进程池和线程池concurrent和multiprocessing
1.为什么用进程池和线程池
开设进程和开设线程都要消耗资源,只不过线程比进程消耗少一点
不能无限制的开始进程/开设线程,因为计算机硬件资源吃不消
在保证计算机硬件能够正常工作的情况下,最大化压榨它
-
IO 密集型 vs 计算密集型:
-
IO密集型:读取文件,读取网络套接字频繁。
-
计算密集型:大量消耗CPU的数学与逻辑运算,也就是我们这里说的平行计算。
-
-
池的概念
- 池是保证计算机硬件能够正常工作的情况下,最大化压榨它
- 它降低了程序的效率,但是保证了计算机硬件安全
Python 3.2引入了concurrent.futures。
3.4版本引入了asyncio到标准库, python3.5以后使用async/await语法。(协程)
2.concurrent.futures
标准库 concurrent.futures 是 python3.2+ 自带,python2 需要安装,它提供 ThreadPoolExecutor (线程池) 和 ProcessPoolExecutor (进程池) 两个类,实现了对 threading 和 multiprocessing 的更高级的抽象,对编写 线程池/进程池 提供支持。 可以将相应的 tasks 直接放入线程池/进程池,不需要维护Queue来操心死锁的问题,线程池/进程池会自动调度。
pool.submit(函数名, 函数参数) # 执行进程
pool.submit(函数名, 函数参数).result( ) # 拿回函数中return的返回值,直接在后面加,程序就变成了串行,这个需要加到回调函数里面
pool.submit(函数名, 函数参数).add_done_callback(回调函数名) # 给每个执行的绑定一个回调函数对象
2-1 concurrent.futures进程池
初步使用
from concurrent.futures import ProcessPoolExecutor #导入进程池
import os
import time
import random
def walk(name):
print(f'{name} is run PID:{os.getpid()}')
time.sleep(random.randint(1, 3))
if __name__ == '__main__':
pool = ProcessPoolExecutor(2) # 1.创建进程2个进程次(默认本机的CPU核数)
'''
池子创建出来之后,里面会固定存在2个进程
这2个进程不会重复出现 创建和销毁 的过程
'''
for i in range(5): # 往池子中提交5个任务,但是池子中只有2个位置
pool.submit(walk, f'egon{i}') # 2.往池子中提交任务 pool.submit(函数名, 函数参数)
'''
任务提交方式:
同步:提交任务之后原地等待执行任务的返回结果,期间不做任何事
异步:提交任务之后不等待待执行任务的返回结果,执行继续往下
'''
pool.shutdown() # 关闭进程池,等待进程池中多有任务运行完毕(阻塞主进程)
print('主')

2-2 concurrent.futures线程池
初步使用
线程池的PID都一样
from concurrent.futures import ThreadPoolExecutor #导入线程池
import os
import time
import random
def walk(name):
print(f'{name} is run PID:{os.getpid()}')

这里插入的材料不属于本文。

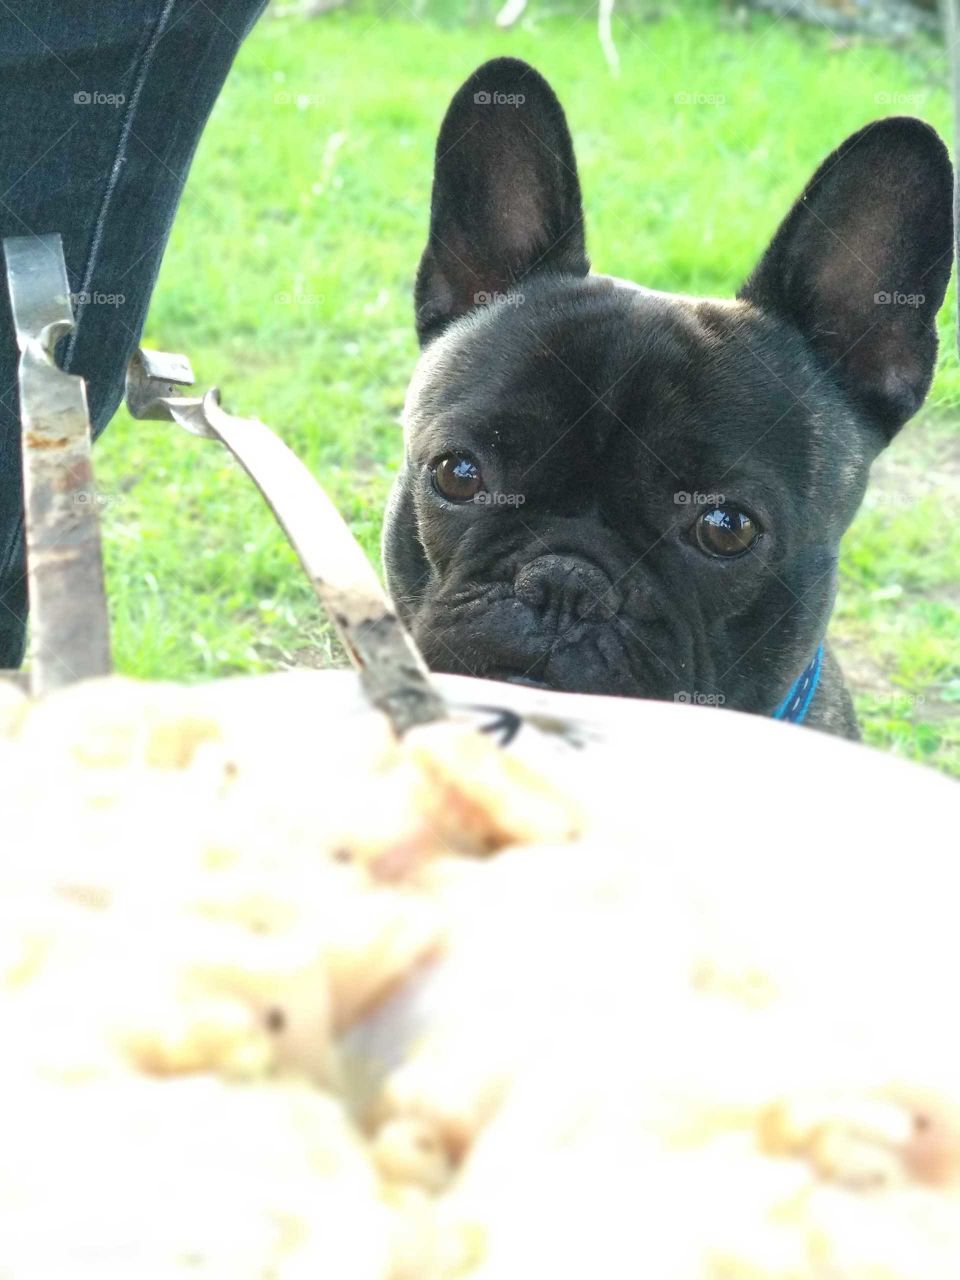 Dog looking at food

time.sleep(random.randint(1, 3))
if __name__ == '__main__':
pool = ThreadPoolExecutor(2) # 创建2个线程(默认是CPU核数的5倍)
'''
池子创建出来之后,里面会固定存在2个线程
这2个线程不会重复出现 创建和销毁 的过程
'''
for i in range(5):
# submit是异步提交任务
pool.submit(walk, f'egon{i}') # 2.往池子中提交任务 pool.submit(函数名, 函数参数)
'''
任务提交方式:
同步:提交任务之后原地等待执行任务的返回结果,期间不做任何事
异步:提交任务之后不等待待执行任务的返回结果,执行继续往下
'''
pool.shutdown() # 关闭线程池,等待线程池中多有任务运行完毕(阻塞主进程)
print('主')

获取返回值的异步调用/同步调用
提交任务的方式
获取返回值---同步调用
from concurrent.futures import ThreadPoolExecutor #导入线程池
import time
import random
def walk(i):
print(f'{name} is run')
time.sleep(random.randint(1, 3))
return i*i
if __name__ == '__main__':
pool = ThreadPoolExecutor(2) # 创建2个线程
t_list = []
for i in range(5):
res = pool.submit(walk, i) # res是一个Future对象
# res.result() 拿到Future对象的返回结果
print(res.result()) # result方法 变成了同步提交 有点像join 阻塞了下面的线程
获取返回值的异步调用★★★★★
from concurrent.futures import ThreadPoolExecutor
import time
import random
def walk(i):
print(f'{name} is run')
time.sleep(random.randint(1, 3))
return i*i
def ppp(res): # 2. res就是Future对象
res = res.result() # 3. res.result()就是获取对象的返回值
print(res)
if __name__ == '__main__':
pool = ThreadPoolExecutor(2)
t_list = []
for i in range(5):
# 1. add_done_callback(ppp)回调函数,默认把Future对象当做参数传入
res = pool.submit(walk, i).add_done_callback(ppp)
3.multiprocessing
3-1 multiprocessing进程池
3-1-1 开启多进程
3-1-1-1 apply_async
apply_async()是异步非阻塞式,不用等待当前进程执行完毕,随时跟进操作系统调度来进行进程切换,即多个进程并行执行,提高程序的执行效率。
- func: 执行的函数名
- args=(): 位置参数
- kwds={}: 关键字参数
- callback: 回调函数
- error_callback: 内部发生错误回调函数
from multiprocessing import Pool, current_process
import time
def task(name):
print(f'{name} is running')
time.sleep(1)
print(f'{name} is done')
return name
def func2(res):
time.sleep(1)
print('%s:当前进程:%s pid:%d' % (res, current_process().name, current_process().pid))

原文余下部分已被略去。